Site icon But What If I'm Right

This is NOT Socialism

It’s surprising how often during a discussion about this economic model that I get met with the words “Oh, so it’s socialism”. If the listener is socialism-friendly, they think they know what I’m going to say, and if they’re not socialism-friendly, they’re terrified of appearing a Communist, so in both cases, they stop listening. If you look up Socialism, about the only thing rigidly attributed to it is that the State owns the “means of production” (capital; things like a steel mill). Consider the following comparison of the capitalist, the socialist, and the “profitless free market” point of view, regarding the ownership of the means of production.

In the capitalist model, a proprietor borrows money from a bank to build a steel mill. The loan enables him to hire firms to build the mill, and pay the employees from the time the mill is complete until the first sales are made. The proprietor in the capitalist model is driven by the quest for profits, and his management of the assets and employees will reflect that.

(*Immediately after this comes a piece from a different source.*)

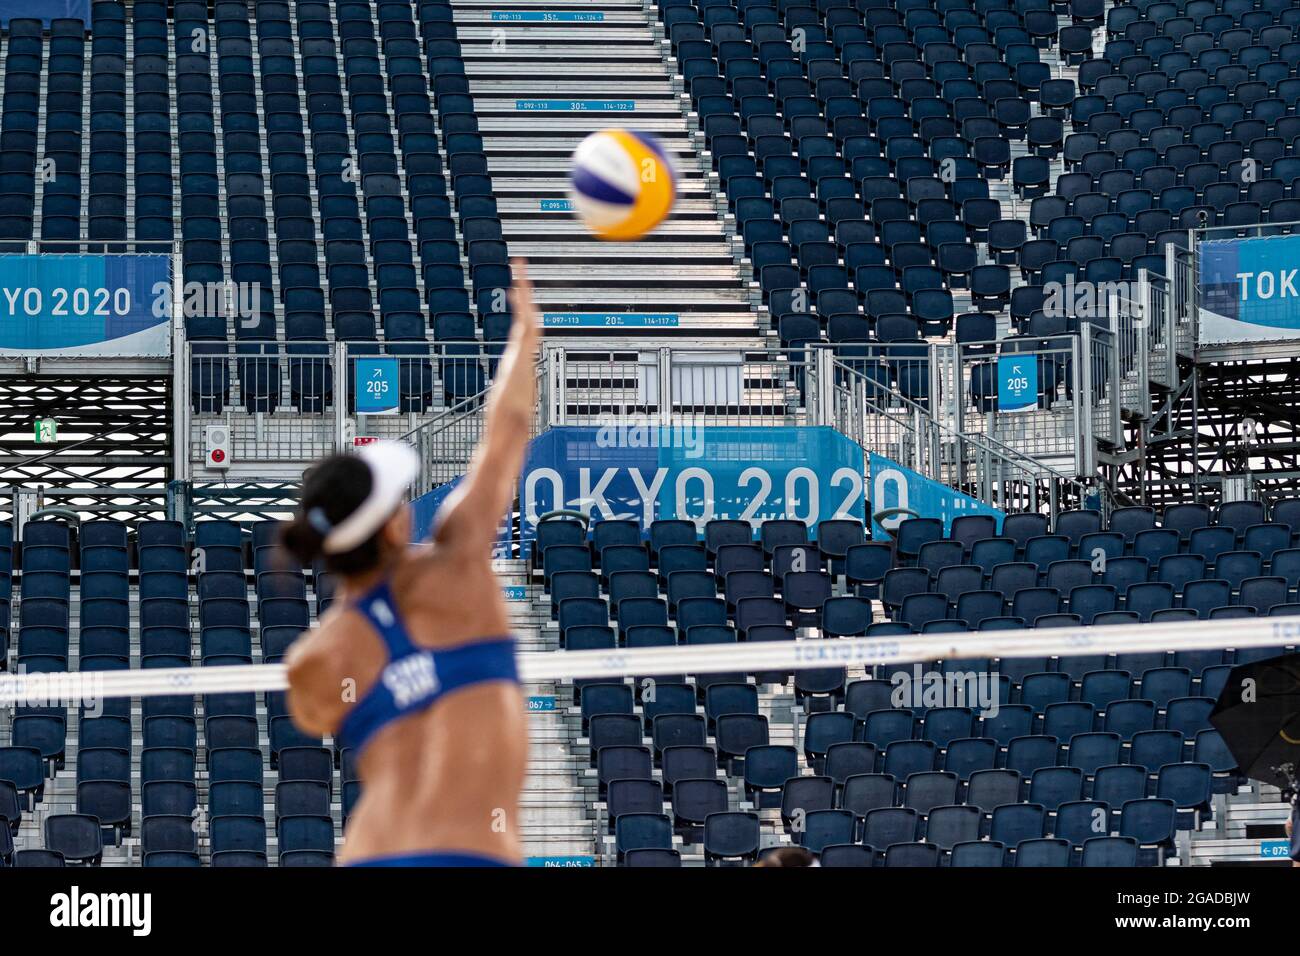 Tokyo, Japan. 30th July, 2021. Olympic Games: Beach Voley Liliana/Elisa from Spain against Xue/Wang X.X. from China. Credit: ABEL F. ROS/Alamy Live News Stock Photo

As sole or majority owner of the mill (and the company), this creates a power dynamic that is not naturally insulated from abuse and exploitation.

Marx saw this abuse of the laborer and responded with Socialism, saying “because the proprietor can be a jerk, we should keep him from owning the ‘means of production’”. The State looks like a good alternative owner at first glance: it appears to be impartial, and it’s more than one person, so there’s low risk of egomania being a problem. But in a socialist model, the State doesn’t just own this steel mill, it owns all steel mills, with their local workforce nuances, different design ideologies, and technology from different eras. Not only does it own all steel mills, but it owns all capital in ALL INDUSTRIES. These things should be actively managed directly, by people in touch with the local specifics. 

In the model I propose, company assets are owned equally by everyone employed by that company. This ownership gives the local company control over its business. The employees will be able to react to the challenges their location and technology mix presents to them. They’ll be able to upgrade or dispose of assets at their discretion. That’s ultimately the most relevant aspect of asset ownership.

In comparing these three perspectives, a question comes to mind. Why did we choose to let the proprietor “own” the “business” and claim the “profits” (excess labor from customers)? The knee-jerk answer to that is simply that the proprietor owes the bank the principle and interest on the aforementioned loan. It deserves reiterating at this point that the bank didn’t actually loan the proprietor money it possessed, it created money to make the loan. The bank didn’t actually put assets at stake, so the proprietor doesn’t actually owe the bank, so one could argue the proprietor doesn’t actually own the company. Of course, the story would be much different if the proprietor defaulted, but that’s just evidence that there’s more to unravel and properly categorize going forward.